» **Aim of the task**:
Write out an exact copy of the line with "Lady Gaga in" and of each line after it, through the end of the records below.

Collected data
###

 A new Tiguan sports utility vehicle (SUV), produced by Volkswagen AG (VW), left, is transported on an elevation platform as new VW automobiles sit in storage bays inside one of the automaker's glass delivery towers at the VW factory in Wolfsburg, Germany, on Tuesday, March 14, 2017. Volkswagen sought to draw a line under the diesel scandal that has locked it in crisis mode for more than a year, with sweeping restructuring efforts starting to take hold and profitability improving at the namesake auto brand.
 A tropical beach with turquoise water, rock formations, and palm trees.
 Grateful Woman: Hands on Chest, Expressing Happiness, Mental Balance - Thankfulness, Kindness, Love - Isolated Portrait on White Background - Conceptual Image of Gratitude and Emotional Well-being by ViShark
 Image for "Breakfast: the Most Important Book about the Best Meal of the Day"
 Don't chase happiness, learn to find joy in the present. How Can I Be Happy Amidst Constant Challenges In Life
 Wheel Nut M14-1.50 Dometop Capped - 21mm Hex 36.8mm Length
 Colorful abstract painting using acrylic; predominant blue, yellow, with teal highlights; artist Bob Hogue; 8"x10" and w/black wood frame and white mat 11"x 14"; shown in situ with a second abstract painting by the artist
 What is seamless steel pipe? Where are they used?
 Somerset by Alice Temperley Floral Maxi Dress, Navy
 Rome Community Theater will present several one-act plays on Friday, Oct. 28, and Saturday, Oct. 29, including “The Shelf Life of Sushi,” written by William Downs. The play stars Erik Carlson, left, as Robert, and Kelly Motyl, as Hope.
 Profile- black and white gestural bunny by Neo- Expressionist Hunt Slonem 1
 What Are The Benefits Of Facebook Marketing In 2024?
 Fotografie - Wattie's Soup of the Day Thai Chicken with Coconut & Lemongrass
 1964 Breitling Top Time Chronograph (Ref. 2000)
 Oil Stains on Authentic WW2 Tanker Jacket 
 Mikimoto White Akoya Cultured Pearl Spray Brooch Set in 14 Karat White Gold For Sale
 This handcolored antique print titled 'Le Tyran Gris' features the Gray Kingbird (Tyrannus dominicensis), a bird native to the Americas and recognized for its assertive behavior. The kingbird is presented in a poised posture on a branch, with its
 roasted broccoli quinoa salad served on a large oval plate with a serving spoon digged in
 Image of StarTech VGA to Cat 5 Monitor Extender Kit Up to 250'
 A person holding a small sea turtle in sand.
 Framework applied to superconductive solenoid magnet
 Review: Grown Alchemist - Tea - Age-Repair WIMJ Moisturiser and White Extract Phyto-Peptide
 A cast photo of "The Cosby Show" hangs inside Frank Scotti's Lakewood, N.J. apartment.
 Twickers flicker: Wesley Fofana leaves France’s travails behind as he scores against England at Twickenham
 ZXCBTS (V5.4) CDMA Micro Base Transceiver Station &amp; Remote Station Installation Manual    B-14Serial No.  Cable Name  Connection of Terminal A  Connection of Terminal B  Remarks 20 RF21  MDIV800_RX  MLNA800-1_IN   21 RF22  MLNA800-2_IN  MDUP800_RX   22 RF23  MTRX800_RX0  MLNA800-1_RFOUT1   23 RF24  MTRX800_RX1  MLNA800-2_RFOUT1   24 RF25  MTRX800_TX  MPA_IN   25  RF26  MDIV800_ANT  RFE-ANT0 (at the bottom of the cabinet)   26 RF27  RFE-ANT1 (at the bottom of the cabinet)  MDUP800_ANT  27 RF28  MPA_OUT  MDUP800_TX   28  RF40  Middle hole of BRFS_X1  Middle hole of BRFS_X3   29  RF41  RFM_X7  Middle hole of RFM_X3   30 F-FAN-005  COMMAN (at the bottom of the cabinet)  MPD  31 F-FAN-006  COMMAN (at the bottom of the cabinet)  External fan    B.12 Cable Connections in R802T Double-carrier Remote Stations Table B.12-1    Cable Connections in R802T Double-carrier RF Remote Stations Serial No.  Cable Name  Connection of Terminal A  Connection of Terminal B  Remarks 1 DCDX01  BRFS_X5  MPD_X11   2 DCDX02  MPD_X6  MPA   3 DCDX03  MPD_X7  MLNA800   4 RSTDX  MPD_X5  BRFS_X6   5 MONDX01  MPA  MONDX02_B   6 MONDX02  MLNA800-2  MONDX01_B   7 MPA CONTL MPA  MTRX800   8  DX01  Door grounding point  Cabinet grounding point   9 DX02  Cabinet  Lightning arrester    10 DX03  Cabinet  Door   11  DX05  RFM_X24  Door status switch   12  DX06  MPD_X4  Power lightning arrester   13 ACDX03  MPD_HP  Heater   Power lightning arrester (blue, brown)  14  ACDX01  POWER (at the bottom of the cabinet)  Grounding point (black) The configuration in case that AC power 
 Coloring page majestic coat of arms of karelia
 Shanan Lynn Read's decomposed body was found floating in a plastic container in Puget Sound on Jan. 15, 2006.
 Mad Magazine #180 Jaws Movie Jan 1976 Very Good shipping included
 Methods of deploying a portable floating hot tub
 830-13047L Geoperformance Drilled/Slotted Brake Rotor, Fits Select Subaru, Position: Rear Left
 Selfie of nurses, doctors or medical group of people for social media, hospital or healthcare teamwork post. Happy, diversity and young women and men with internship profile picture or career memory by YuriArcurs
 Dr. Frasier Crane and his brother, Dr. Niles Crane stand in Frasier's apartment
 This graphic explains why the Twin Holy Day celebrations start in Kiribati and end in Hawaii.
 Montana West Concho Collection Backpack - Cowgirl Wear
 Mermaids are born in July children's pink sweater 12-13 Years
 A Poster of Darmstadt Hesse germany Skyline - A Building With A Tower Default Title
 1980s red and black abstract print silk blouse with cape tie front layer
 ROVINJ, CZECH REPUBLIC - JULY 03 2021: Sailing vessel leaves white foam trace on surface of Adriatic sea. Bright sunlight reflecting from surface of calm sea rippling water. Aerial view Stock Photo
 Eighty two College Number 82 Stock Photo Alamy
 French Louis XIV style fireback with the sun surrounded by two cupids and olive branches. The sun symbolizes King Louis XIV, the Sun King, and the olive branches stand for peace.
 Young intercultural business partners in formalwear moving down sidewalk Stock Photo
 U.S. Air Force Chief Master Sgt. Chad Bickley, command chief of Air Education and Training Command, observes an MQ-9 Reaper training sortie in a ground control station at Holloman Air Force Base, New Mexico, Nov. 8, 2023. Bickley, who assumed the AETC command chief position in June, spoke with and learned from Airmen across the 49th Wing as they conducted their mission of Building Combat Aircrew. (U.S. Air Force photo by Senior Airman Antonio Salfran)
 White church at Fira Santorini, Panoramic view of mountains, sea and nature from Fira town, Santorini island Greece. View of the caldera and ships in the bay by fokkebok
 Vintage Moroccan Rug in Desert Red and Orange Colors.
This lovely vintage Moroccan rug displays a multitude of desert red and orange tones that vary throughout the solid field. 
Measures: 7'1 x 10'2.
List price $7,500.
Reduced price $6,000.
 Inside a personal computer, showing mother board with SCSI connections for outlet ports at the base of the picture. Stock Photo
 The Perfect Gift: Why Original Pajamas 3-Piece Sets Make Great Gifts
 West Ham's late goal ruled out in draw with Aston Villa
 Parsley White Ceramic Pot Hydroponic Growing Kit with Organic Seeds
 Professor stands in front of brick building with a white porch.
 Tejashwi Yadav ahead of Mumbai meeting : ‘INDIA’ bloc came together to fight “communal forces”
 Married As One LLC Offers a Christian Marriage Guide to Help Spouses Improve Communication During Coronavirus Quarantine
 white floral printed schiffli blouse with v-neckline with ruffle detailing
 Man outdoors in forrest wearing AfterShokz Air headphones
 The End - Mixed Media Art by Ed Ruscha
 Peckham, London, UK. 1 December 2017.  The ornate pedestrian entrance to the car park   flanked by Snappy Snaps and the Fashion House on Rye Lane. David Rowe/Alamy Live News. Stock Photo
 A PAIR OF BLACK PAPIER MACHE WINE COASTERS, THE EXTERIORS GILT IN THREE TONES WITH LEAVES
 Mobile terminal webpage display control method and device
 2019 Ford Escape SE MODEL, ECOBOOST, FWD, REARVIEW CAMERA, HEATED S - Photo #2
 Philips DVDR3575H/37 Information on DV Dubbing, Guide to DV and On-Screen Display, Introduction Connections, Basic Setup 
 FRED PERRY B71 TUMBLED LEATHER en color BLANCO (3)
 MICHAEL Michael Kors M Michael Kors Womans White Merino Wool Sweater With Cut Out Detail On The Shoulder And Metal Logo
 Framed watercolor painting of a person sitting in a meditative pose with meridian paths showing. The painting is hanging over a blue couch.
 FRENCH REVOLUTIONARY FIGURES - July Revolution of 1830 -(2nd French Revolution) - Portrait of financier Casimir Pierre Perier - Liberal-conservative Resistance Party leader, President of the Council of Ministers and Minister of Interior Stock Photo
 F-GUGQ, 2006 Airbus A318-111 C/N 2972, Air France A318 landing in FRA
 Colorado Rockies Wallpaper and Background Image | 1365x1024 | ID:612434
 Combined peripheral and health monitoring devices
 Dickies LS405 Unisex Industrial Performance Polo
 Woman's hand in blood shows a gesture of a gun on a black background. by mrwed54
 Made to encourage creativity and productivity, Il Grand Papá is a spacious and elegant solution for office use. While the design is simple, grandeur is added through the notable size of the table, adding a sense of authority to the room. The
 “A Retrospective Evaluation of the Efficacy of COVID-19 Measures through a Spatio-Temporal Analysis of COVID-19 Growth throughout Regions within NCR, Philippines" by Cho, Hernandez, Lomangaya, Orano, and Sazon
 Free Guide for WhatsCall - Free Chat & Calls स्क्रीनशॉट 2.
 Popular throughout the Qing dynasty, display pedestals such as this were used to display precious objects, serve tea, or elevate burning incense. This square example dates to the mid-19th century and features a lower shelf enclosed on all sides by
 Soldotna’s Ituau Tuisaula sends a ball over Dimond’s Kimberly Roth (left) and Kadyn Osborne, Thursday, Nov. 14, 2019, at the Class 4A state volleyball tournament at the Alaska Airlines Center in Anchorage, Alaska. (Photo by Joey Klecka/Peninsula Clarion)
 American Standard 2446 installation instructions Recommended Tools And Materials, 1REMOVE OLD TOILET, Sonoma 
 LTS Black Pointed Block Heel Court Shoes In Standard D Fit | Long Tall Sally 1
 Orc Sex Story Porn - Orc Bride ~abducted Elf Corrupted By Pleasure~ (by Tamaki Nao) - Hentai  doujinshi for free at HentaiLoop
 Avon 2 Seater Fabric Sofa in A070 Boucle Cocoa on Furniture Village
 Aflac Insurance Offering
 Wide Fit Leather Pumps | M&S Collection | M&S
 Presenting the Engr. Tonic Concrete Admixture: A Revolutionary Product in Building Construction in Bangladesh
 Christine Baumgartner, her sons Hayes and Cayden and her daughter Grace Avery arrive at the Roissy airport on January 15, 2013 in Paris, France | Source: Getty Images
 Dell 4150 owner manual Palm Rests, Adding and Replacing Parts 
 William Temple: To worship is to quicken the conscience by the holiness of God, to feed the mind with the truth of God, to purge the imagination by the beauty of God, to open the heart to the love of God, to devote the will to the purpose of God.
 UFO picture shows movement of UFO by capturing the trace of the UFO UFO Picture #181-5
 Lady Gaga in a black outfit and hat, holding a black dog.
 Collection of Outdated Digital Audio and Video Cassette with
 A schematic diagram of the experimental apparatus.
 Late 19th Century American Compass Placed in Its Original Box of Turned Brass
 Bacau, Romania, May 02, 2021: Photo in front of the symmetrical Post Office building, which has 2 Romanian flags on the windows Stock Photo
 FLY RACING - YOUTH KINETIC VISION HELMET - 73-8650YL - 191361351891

###

» **Reply**:
 Lady Gaga in a black outfit and hat, holding a black dog.
 Collection of Outdated Digital Audio and Video Cassette with
 A schematic diagram of the experimental apparatus.
 Late 19th Century American Compass Placed in Its Original Box of Turned Brass
 Bacau, Romania, May 02, 2021: Photo in front of the symmetrical Post Office building, which has 2 Romanian flags on the windows Stock Photo
 FLY RACING - YOUTH KINETIC VISION HELMET - 73-8650YL - 191361351891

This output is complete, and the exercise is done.